- From: Bullard, Claude L (Len) <clbullar@ingr.com>
- Date: Tue, 13 Aug 2002 16:11:14 -0500
- To: "'Mike Dierken'" <mike@dataconcert.com>, "'Ian B. Jacobs'" <ij@w3.org>, www-tag@w3.org
It isn't useful. The government may or may not know they can outlaw the tides, but they can try. The statement in the text is such that it infers that deep linking is not illegal. In fact, it may or may not be. The social codes govern social behavior. Setting up a deep link is a social behavior because the web architecture does not differentiate; therefore, it should be silent. That is quite a different issue from technical members of the community informing the representatives of various governments that preventing deep linking is possible but not mandatory in terms of the web architecture. This is to say, in effect, creation of a code to penalize deep linking is a matter of local law, not web architecture.

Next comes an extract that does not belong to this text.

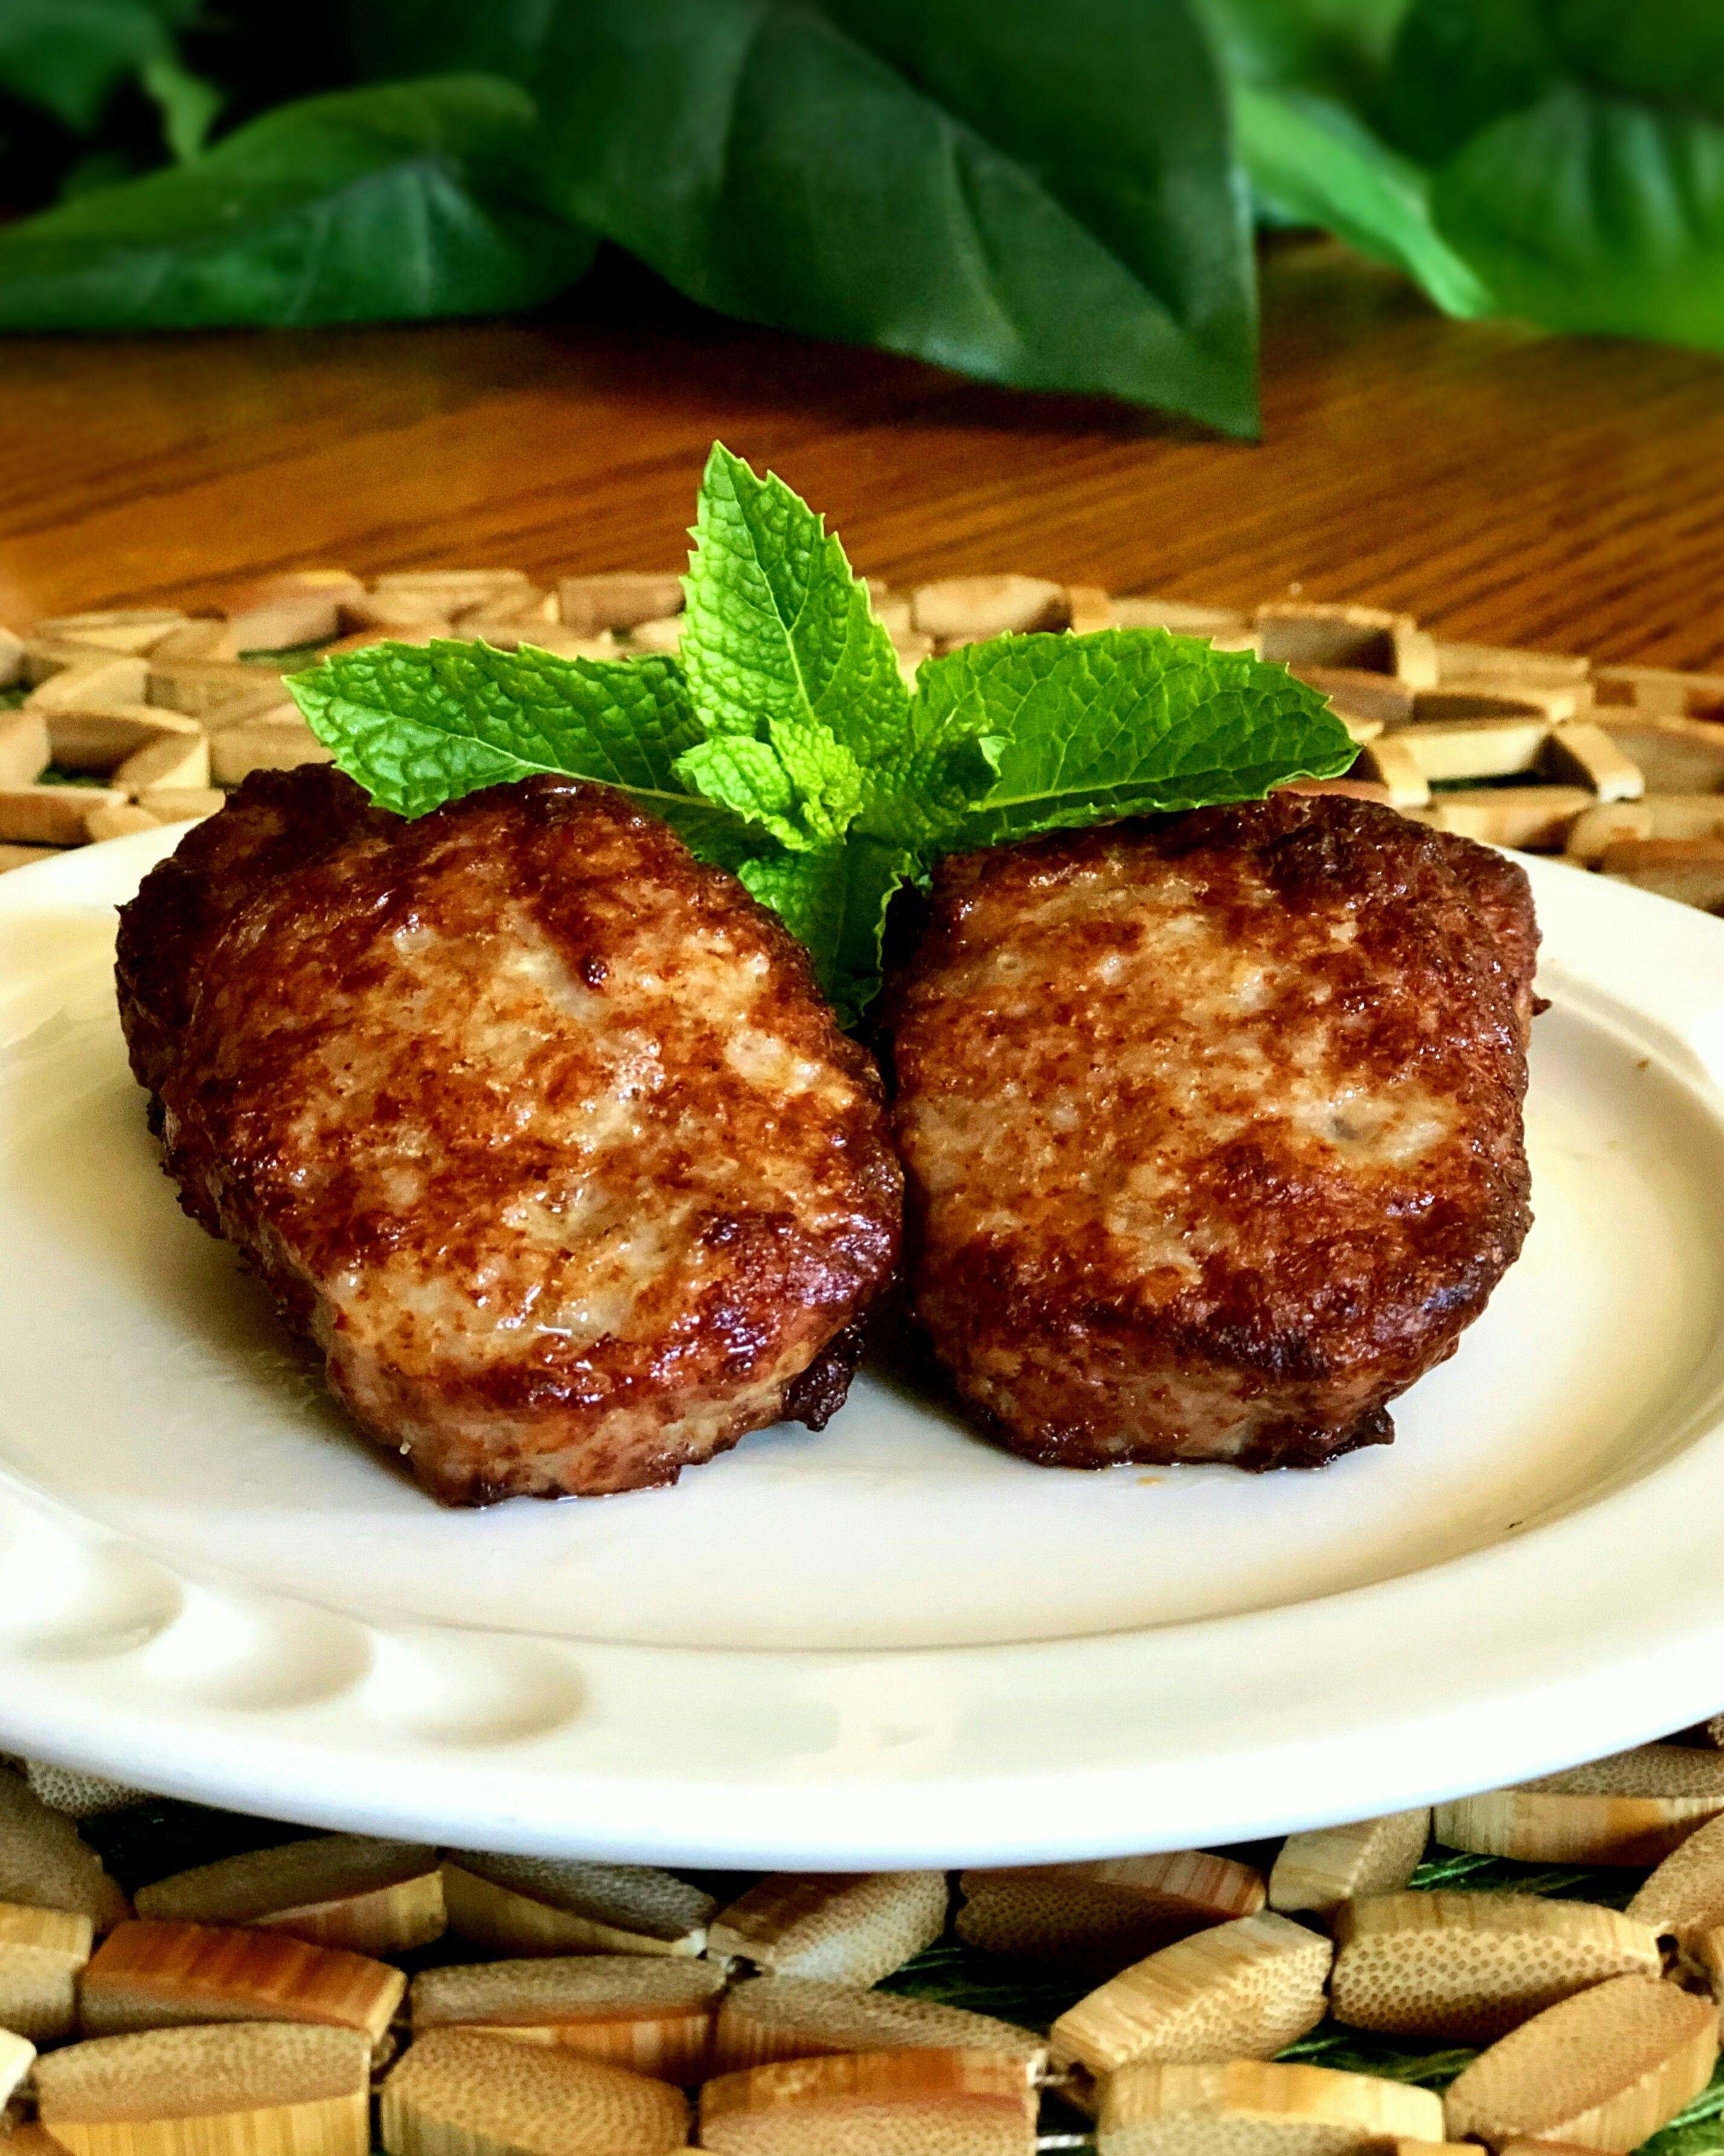 Air fryer sausage patties recipe air fryer recipes

The web simply does not care. len -----Original Message----- From: Mike Dierken [mailto:mike@dataconcert.com] Sent: Tuesday, August 13, 2002 4:05 PM To: Bullard, Claude L (Len); 'Ian B. Jacobs'; www-tag@w3.org Subject: RE: 13 Aug Arch Doc available for review > > In short, the TAG cannot normatively state what is or is > not "legal" with respect to social governance. I think the point was that the TAG can inform the larger community of what is and is not possible - in the same way that a meteorologist would inform a government that outlawing the tides is not possible.